Various applications can be considered for the current amplifier having the above structure, and for example, by having the structure as shown in FIG. 4, a variable resistance circuit can be obtained.

That is, the circuit block 51 in FIG. 4 shows the current amplifier according to the present invention, and by connecting the input terminal 9 and the output terminal 23 in FIGS. 2 and 3 to form a feedback path. , a variable resistance circuit can be constructed. At this time, the input terminal 52 and output terminal 53 of the variable resistance circuit correspond to the input terminal 8 and output terminal 23 of the current amplifier, and the equivalent circuit seen from the input and output terminals 52 and 53 of this circuit is the fifth
It can be regarded as a series connection circuit of a buffer amplifier 54 and a resistor 55 as shown in the figure. Since the resistance value of the equivalent resistance in this case can be controlled by the current of the current source, a non-grounded variable resistance circuit can be realized.

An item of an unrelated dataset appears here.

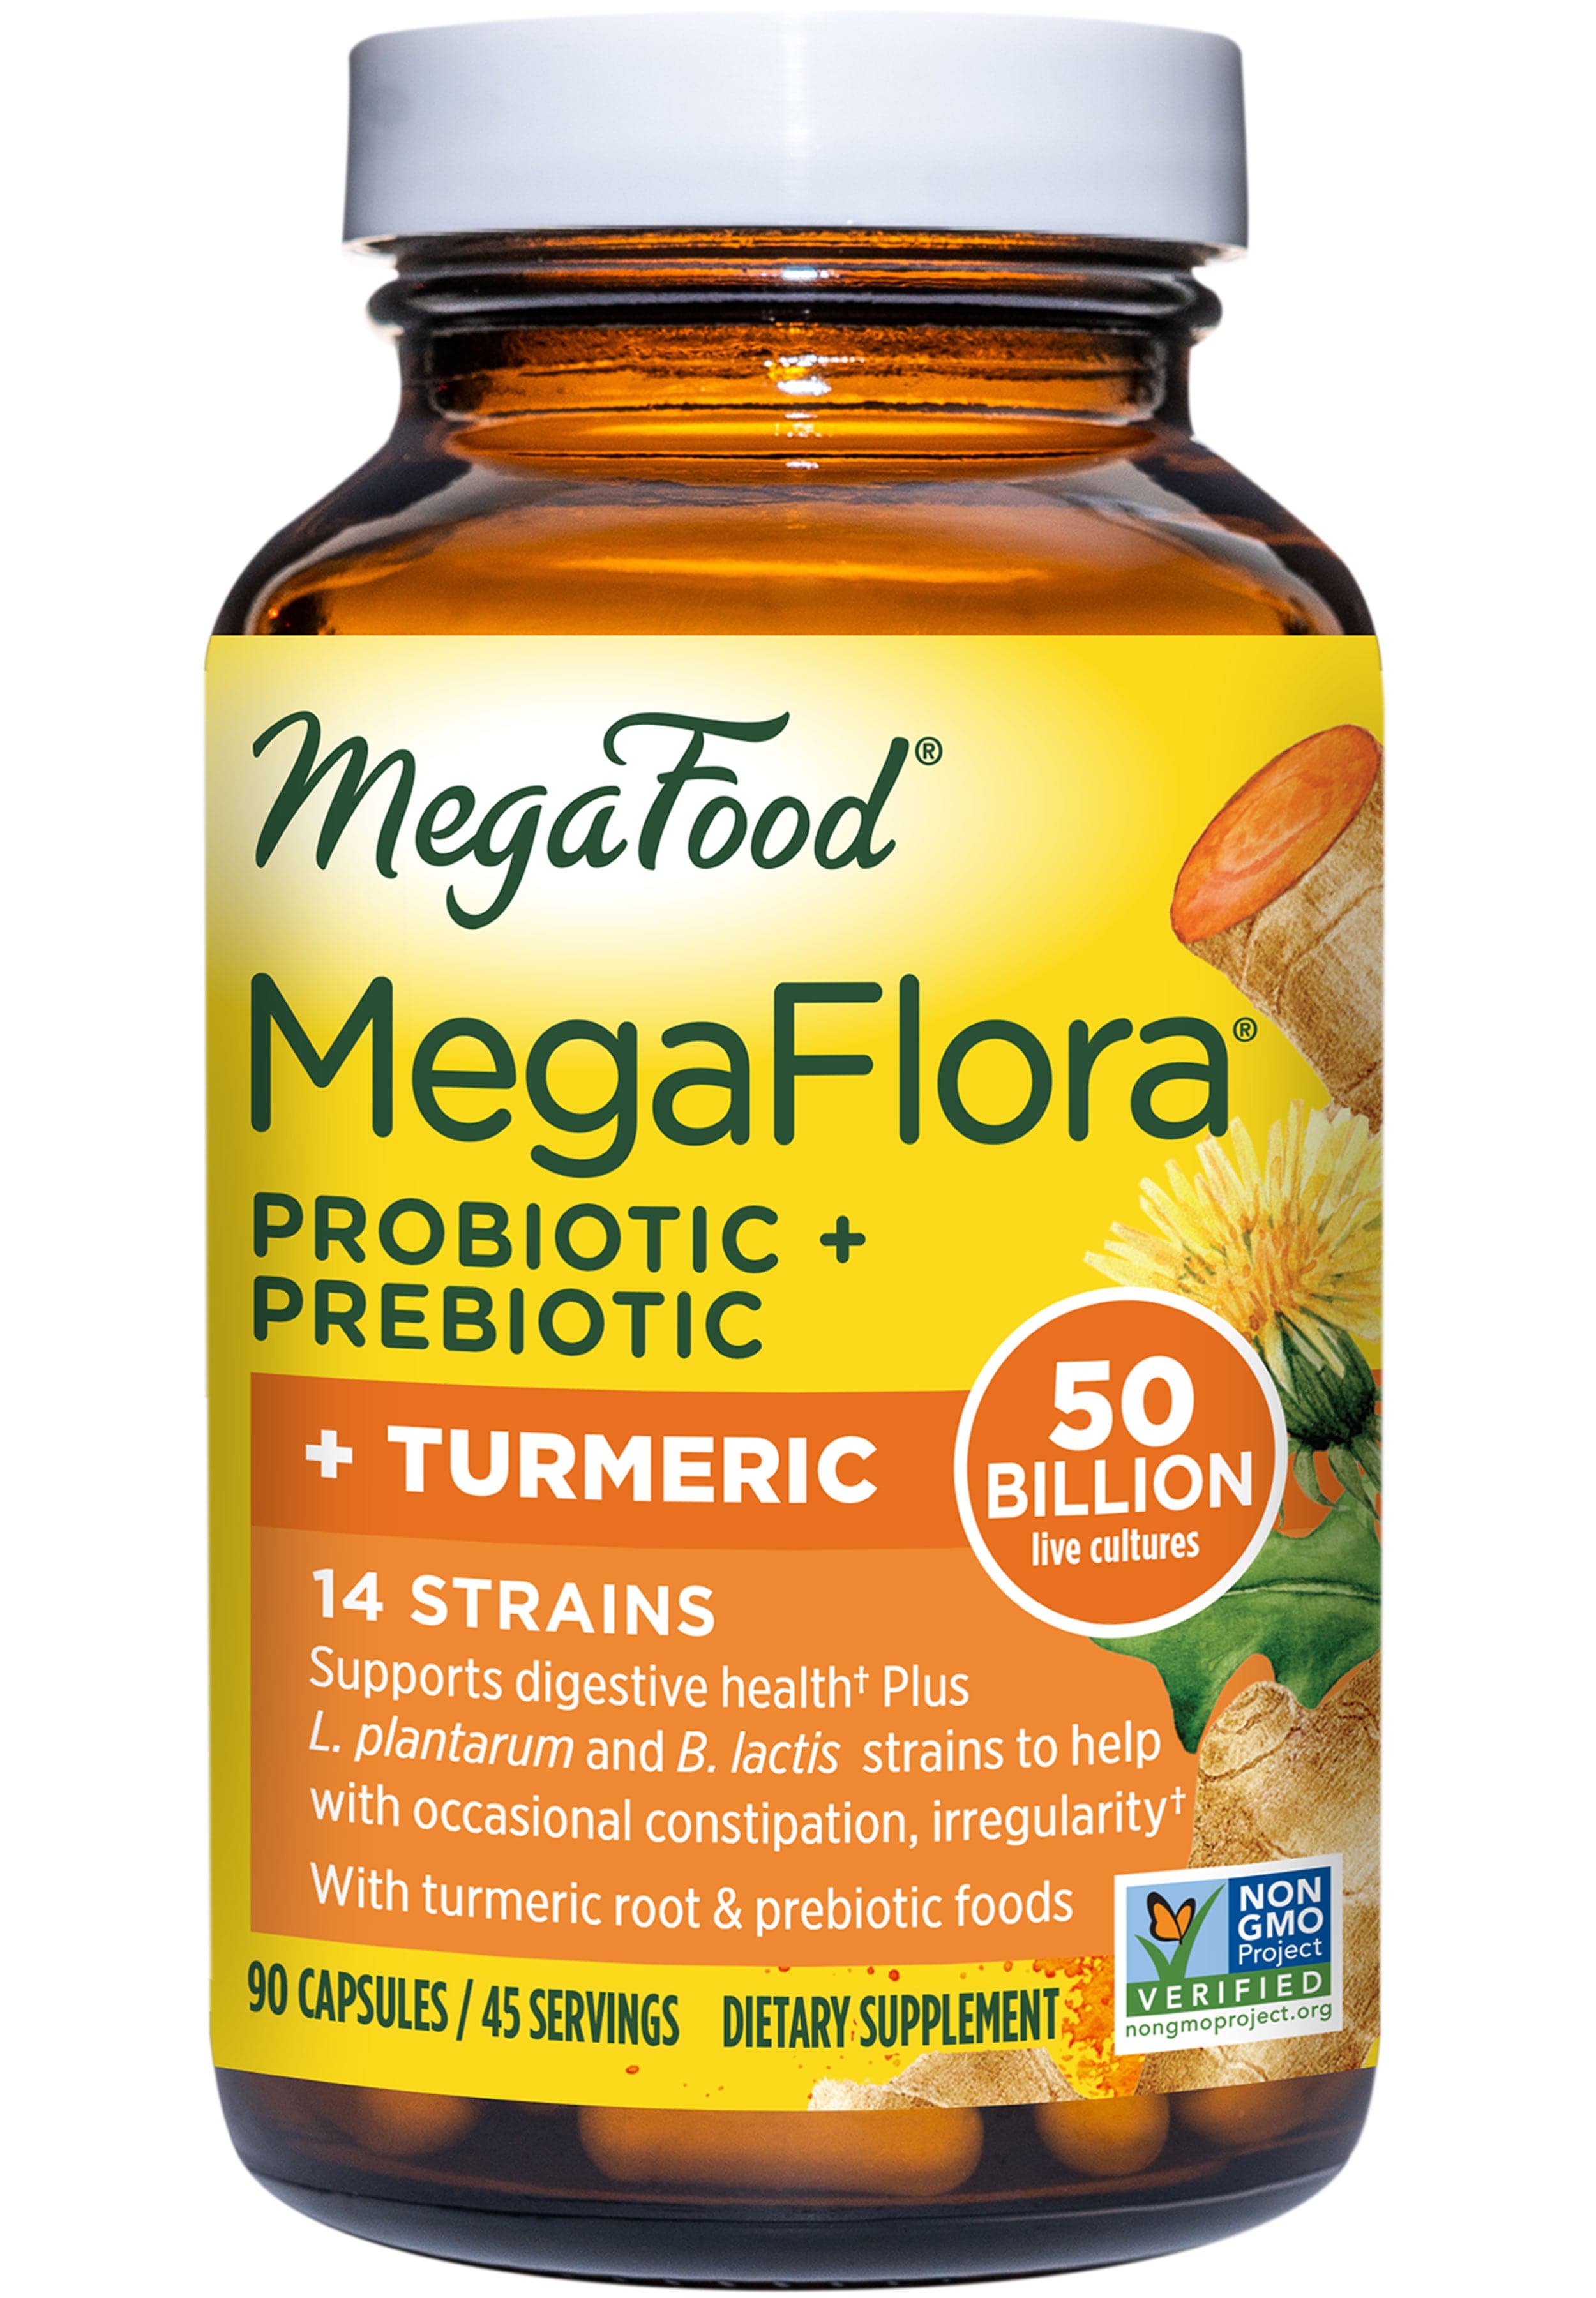 MegaFood MegaFlora Probiotic + Prebiotic + Turmeric (Formerly MegaFlora Probiotic with Turmeric)

It should be noted that the present invention is not limited to the above-mentioned embodiments; for example, the present invention can be applied to a current amplifier that obtains multiple outputs by connecting a plurality of common emitter transistors to a PN junction pair of a multiplier. It's also easy to do. Furthermore, the conductivity type of each of the transistors described above may be converted into PNP type and NPN type, and instead of using two parallel current sources, one current source output may be divided and used. good.

〔Effect of the invention〕

As is clear from the above description, according to the current converter according to the present invention, changes in the voltage between the base and emitter of the transistor in the voltage-current converter do not affect the characteristics, and the conversion coefficient changes to the resistance value. The linearity is improved.

[Brief explanation of drawings]

FIG. 1 is a circuit diagram showing a prior art of a current amplifier according to the present invention, and FIG. 2 is a circuit diagram showing a prior art of a current amplifier according to the present invention.
3 is a circuit diagram showing a second embodiment, FIG. 4 is a block circuit diagram showing an application example of the present invention, and FIG. 5 is a circuit showing an equivalent circuit of FIG. 4. It is a diagram. 3... Voltage-current conversion circuit, 5... Resistor, 6,
7...Third and fourth transistors, 8, 9...First and second input terminals, 13, 14...Fifth and sixth transistors
transistors, 15... second differential transistor pair, 19... second current source, 31, 32... first and second transistors, 33... first differential transistor pair, 34, 35 ...Seventh and eighth transistors, 36...First current source.

Claims (1)

[Scope of Claims] 1. First and second transistors of a first conductivity type whose bases are connected to first and second input terminals, respectively; and each base of which is connected to each of the first and second transistors. third and fourth transistors of a second conductivity type connected to each emitter and having a resistor connected between each emitter; a first current source that supplies a constant current from a reference potential to each of the emitters; A resistor is connected between the emitters, each collector is connected to each collector of the third and fourth transistors, and a DC bias is fed back from each collector to the base of the transistor, and each emitter is connected to each other. 1st
conductivity type fifth and sixth transistors, each base being connected to each base of the fifth and sixth transistors, each collector being connected to each of the first and second emitters, and each emitter being connected to each of the first and second emitters; a first differential transistor pair comprising seventh and eighth transistors of a first conductivity type connected to each other; a second current source connected to a common emitter of the first differential transistor pair; a second differential transistor pair consisting of a ninth and tenth transistor, each base of which is connected to each base of the fifth and sixth transistors, and each emitter of which is connected to each other; a third current source connected to the common emitters of the pair.